Practice Management News

Optum to Acquire Home Health, Hospice Provider Amedisys

The bidding war ends as Amedisys announces its intention to combine with Optum over Option Health Care, Inc.

Optum seeks to combine with home health provider Amedisys

Source: Getty Images

By Jacqueline LaPointe

- Amedisys has announced that it plans to combine with Optum to advance value-based care for its patients.

The announcement ends the bidding war that ensued this month when Optum made a surprise announcement that it submitted an all-cash proposal of $3.26 billion to acquire the home health, hospice, and high-acuity care provider.

The previous month, Option Care Health, Inc. made a bid at the company of approximately $3.6 billion, including the assumption of net debt. The home infusion services company remained optimistic about its proposal to acquire Amedisys, but it confirmed the termination of its merger agreement today.

"While we are disappointed in this outcome, Option Care Health has a long track record of delivering value for our shareholders," John C. Rademacher, president and CEO of Option Care Health, said in an announcement. "We take a disciplined approach to acquisitions and, as we evaluated our options, we applied this discipline to ensure we continue to create value for all of our key stakeholders."

As part of the mutual termination agreement, Option Health Care will receive $106 million.

However, Amedisys is now setting sights on the Optum acquisition, which calls for the purchase of its outstanding common stock for $101 per share. Although, the deal is subject to approvals from the company’s shareholders and federal and state regulators.

"The combination of Amedisys with Optum unites two organizations dedicated to providing compassionate, value-based comprehensive care to patients and their families," Amedisys said in the announcement earlier today.

Optum Makes $3B Grab at Home Health Provider Amedisys

Optum has submitted an all-cash proposal to the tune of $3.26 billion to combine with home health, hospice, and high-acuity care provider Amedisys.

The health services company owned by UnitedHealth Group announced today that it seeks to combine with Amedisys in an effort to advance value-based care through the $100 per share all-cash transaction.

"Amedisys’ commitment to quality and care innovation within the home, and the patient-first culture of its people, combined with Optum’s deep value-based care expertise can drive meaningful improvement in the health outcomes and experiences of more patients at lower costs, leading to continued growth,” Patrick Conway, MD, CEO of Optum Care Solutions, said in the announcement.

Interest in home-based care has been increasing with older Americans’ desire to age in place. Then, the COVID-19 pandemic accelerated the move to home healthcare as patients sought to get medical care in the safety of their own homes.

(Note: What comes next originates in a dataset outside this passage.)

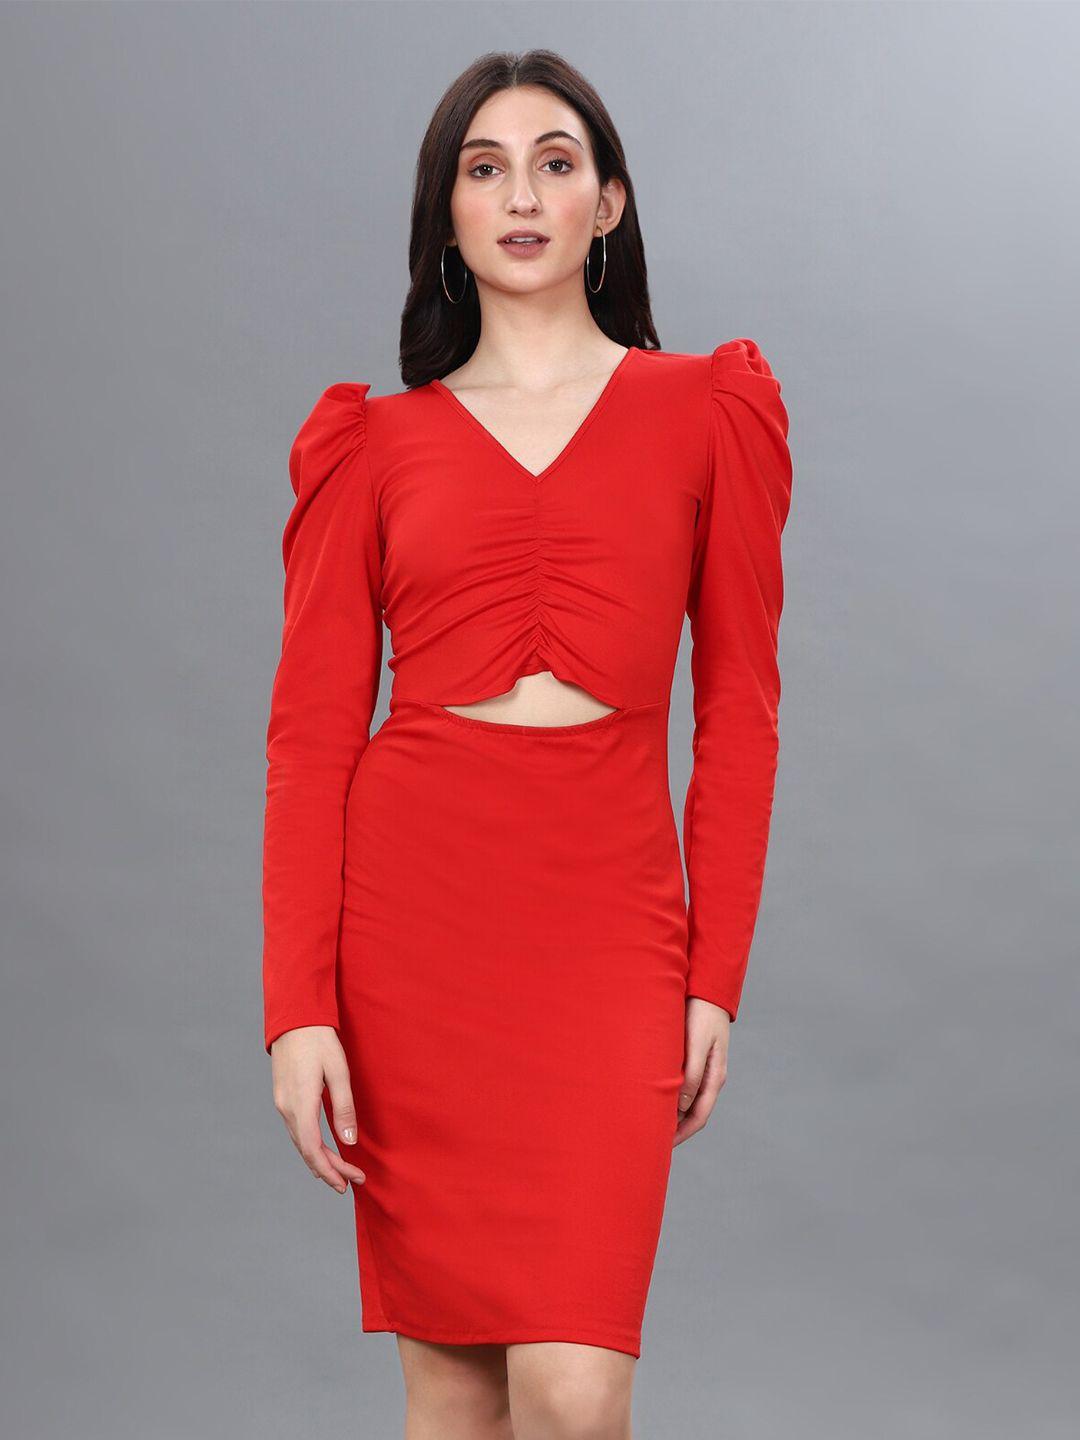 westhood red sheath dress

Just last month, Option Care Health, Inc. offered to merge with Amedisys in an all-stock transaction that values Amedisys at approximately $3.6 billion, including the assumption of net debt. Following Optum’s surprise announcement today, Option Care Health reiterated the near- and long-term value opportunities of its proposal, including more than $500 million in annual cash flow by 2025 and over $9 billion in combined revenue by 2027.

"Option Care Health's previously announced definitive merger agreement with Amedisys delivers significant value to Amedisys and Option Care Health stockholders, a high degree of certainty in obtaining the required regulatory approvals due to the complementary nature of the parties' businesses, and benefits patients, providers, payers, and care teams,” the company said today.

“Our compelling all-stock transaction, expected to close in the second half of 2023, allows stockholders of both companies to participate in the upside of the combined company, which will be a differentiated leader in home health and alternate site care with unmatched scale and a unique cash flow profile,” the statement continued.

Optum’s proposed transaction represents a 26 percent premium over Amedisys’ most recent closing share price and a premium of 29 percent to the unaffected Amedisys share price of $77.26. The proposal also has no financing contingency or condition and does not require shareholder approval.

If accepted by Amedisys’ board of directors, the deal would expand Optum’s presence in the home health space.

Thousands of organizations provide in-home care nationwide, with no single participant in the market having more than a single-digit percentage share, according to Optum, which believes this will help it secure approval for the combination with Amedisys.

“Even with the numerous providers, demand for in-home care far exceeds available supply, creating the need for substantial investment in the sector to more fully serve patients and their families with compassionate, high quality care in the comfort of their own homes,” Optum stated in the announcement.

The original version of this article was published on June 5, 2023.